Hey, Salon Selectives cactus-head girl? We already have a Parker Posey, but thanks for coming out today.
Over at the Hancock house, it's a totally different -- and earlier -- time of day from the one we just saw at the Leerys'. Dawson's hair looks like a cross between Gordon Gekko and Kenickie from Grease, slicked back at the top and sides and flopping down over his massive forehead with little frayed tufts sticking out at the back. Dawson tells Jack how he used to have a big crush on Gretchen Witter and how he used to leave her anonymous gifts, which he later realized had turned into "a Witter family joke." Not just in the Witter family, Casanotva. Jack does detail work and politely feigns interest, no doubt trying to determine how he'll know when the writers' strike has actually started (tm Shack). Dawson, trying to sound lighthearted but only achieving "still self-righteously bitter," remarks that, like the rest of his adolescent crushes, the Gretchen thing went nowhere.

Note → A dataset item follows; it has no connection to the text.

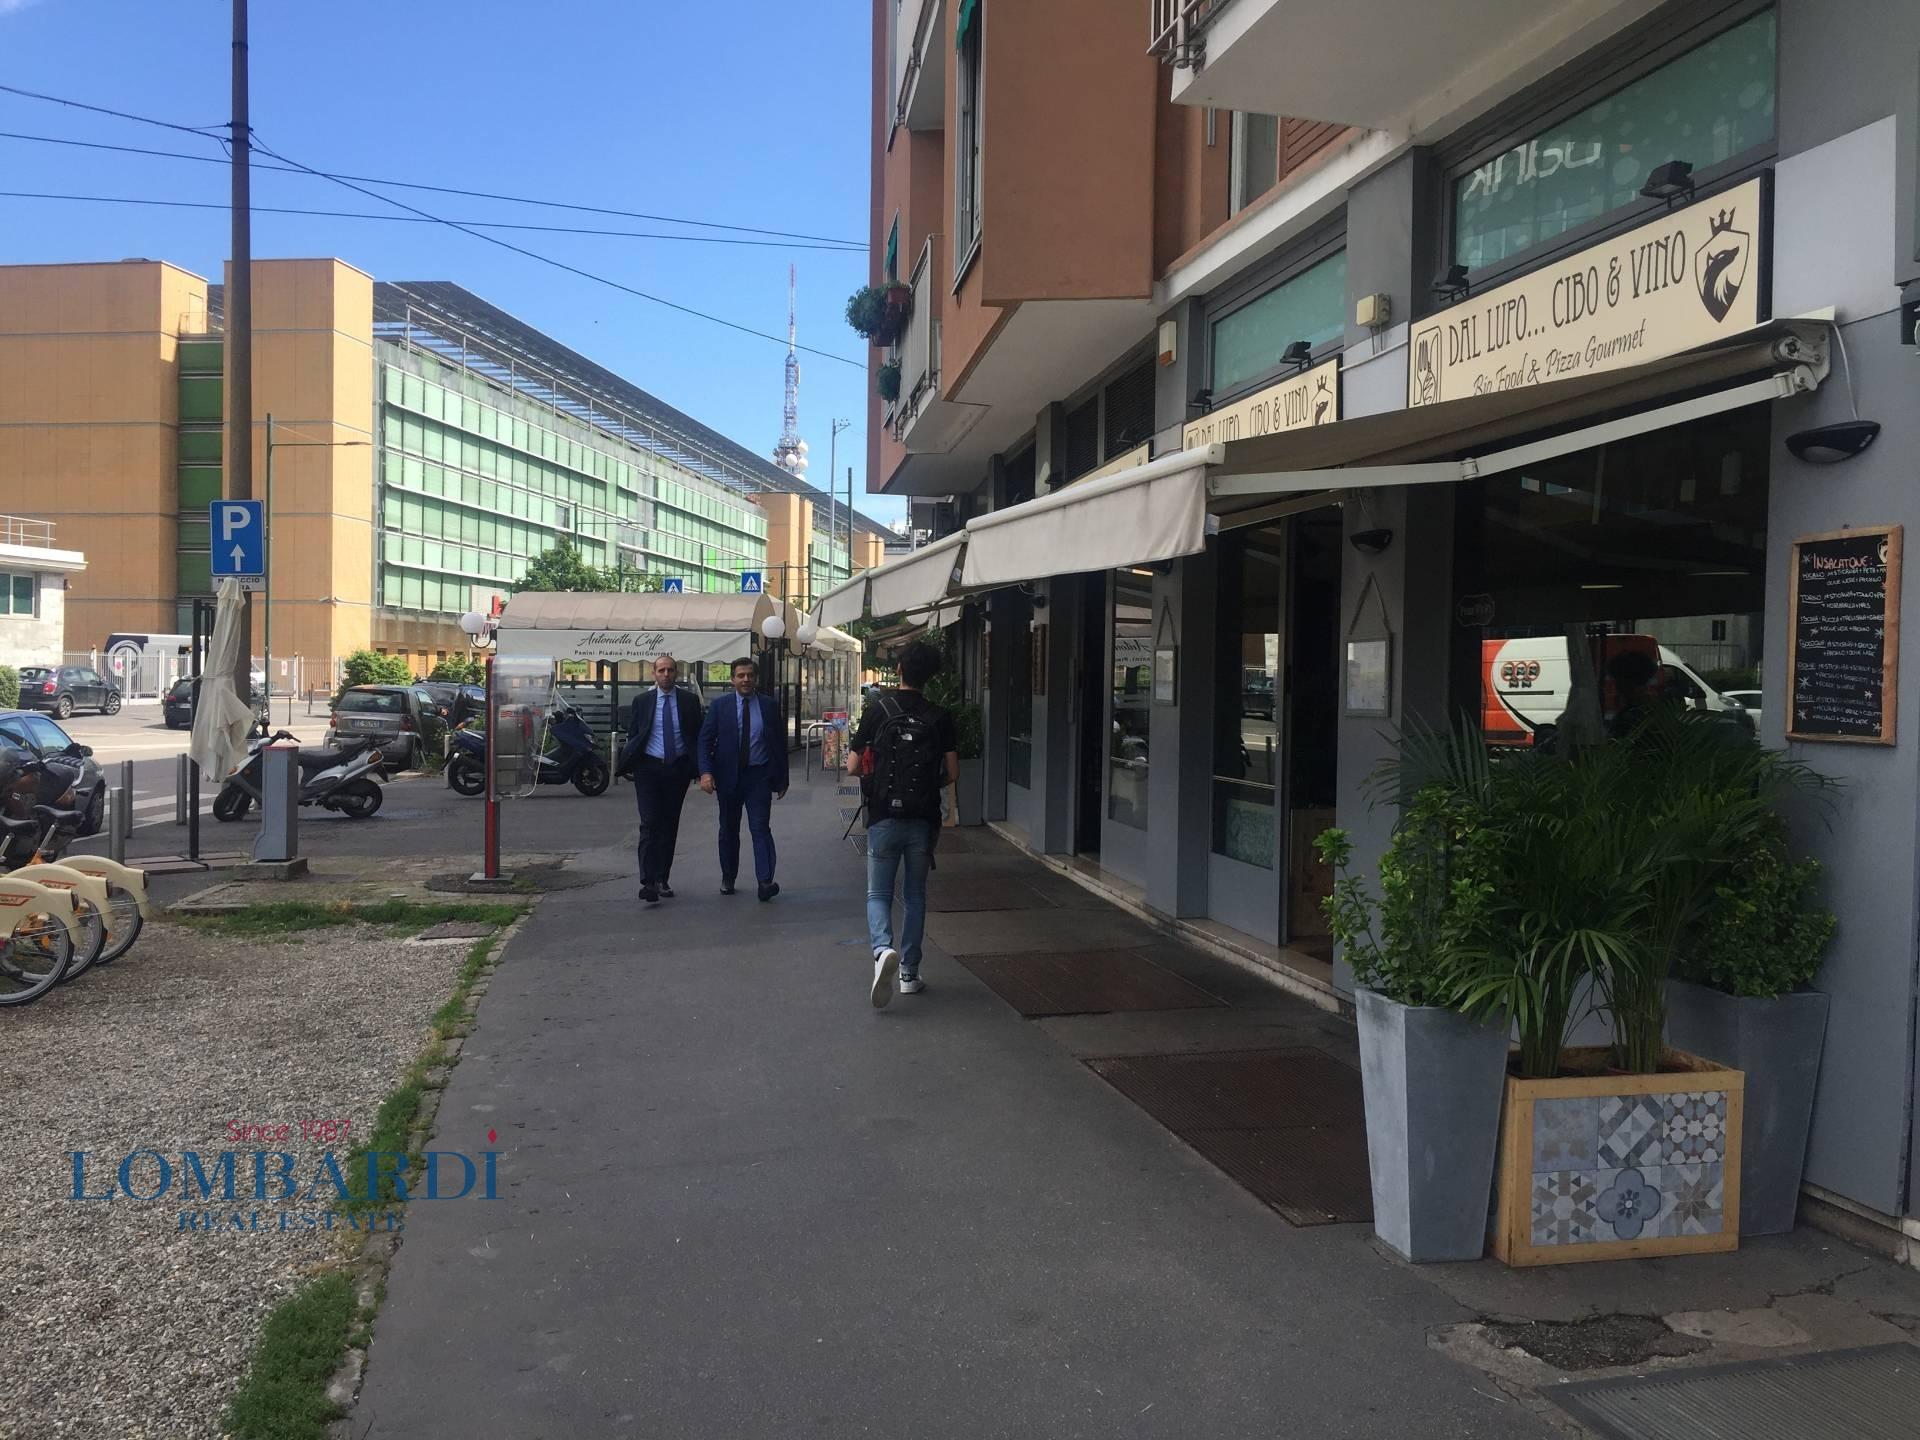 Negozio in vendita a Milano in Piazzale Fratelli Zavattari

Over at the Doug Witter Sibling Shelter, Pacey and Gretchen snip at each other to "get over yourself," and Pacey asks if Gretchen isn't "a college student or something?" "It's called taking time off," Gretchen grits. "Sure it is," Pacey snorts, telling her she can't fool him. She tells him to mind his own business, and he says he'd happily do just that if she hadn't displaced him at Doug's. Doug comes in from the kitchen to break it up and reminds Pacey that he has other living options, whereas Gretchen does not. He smirkingly suggests that Pacey live on his boat. Pacey complains that he just "spent the last hundred days on that thing," so Doug proposes that he stay with their parents, then; Pacey would rather take "a cot on death row." "There's always the zoo," Gretchen snides. "Down, Gretchzilla," he volleys back. Heh. Gretchen asks why he doesn't stay with Joey, and when he asks what she means, she says that he has a girlfriend now, and Joey would probably happily set him up with a bed, or let him "share hers." Pacey says mock-smugly that he doesn't appreciate that comment, or the tone in which Gretchen made it, but Doug says that Gretchen has a point, and if anyplace has extra rooms, "it's a B&B." "I am not gonna impose on that family," Pacey says nobly. Whatever, Pacey. Gretchen snarks that he imposes on his own family, and she and Doug exchange snarky smiles while Pacey says sarcastically that it's good to have her home, except that he doesn't have a home anymore. It pains Gretchen to see Pacey in this predicament, so much that she blithely asks Doug to pass the iced tea immediately after saying so. Like, ha ha. Not. Pacey looks grim.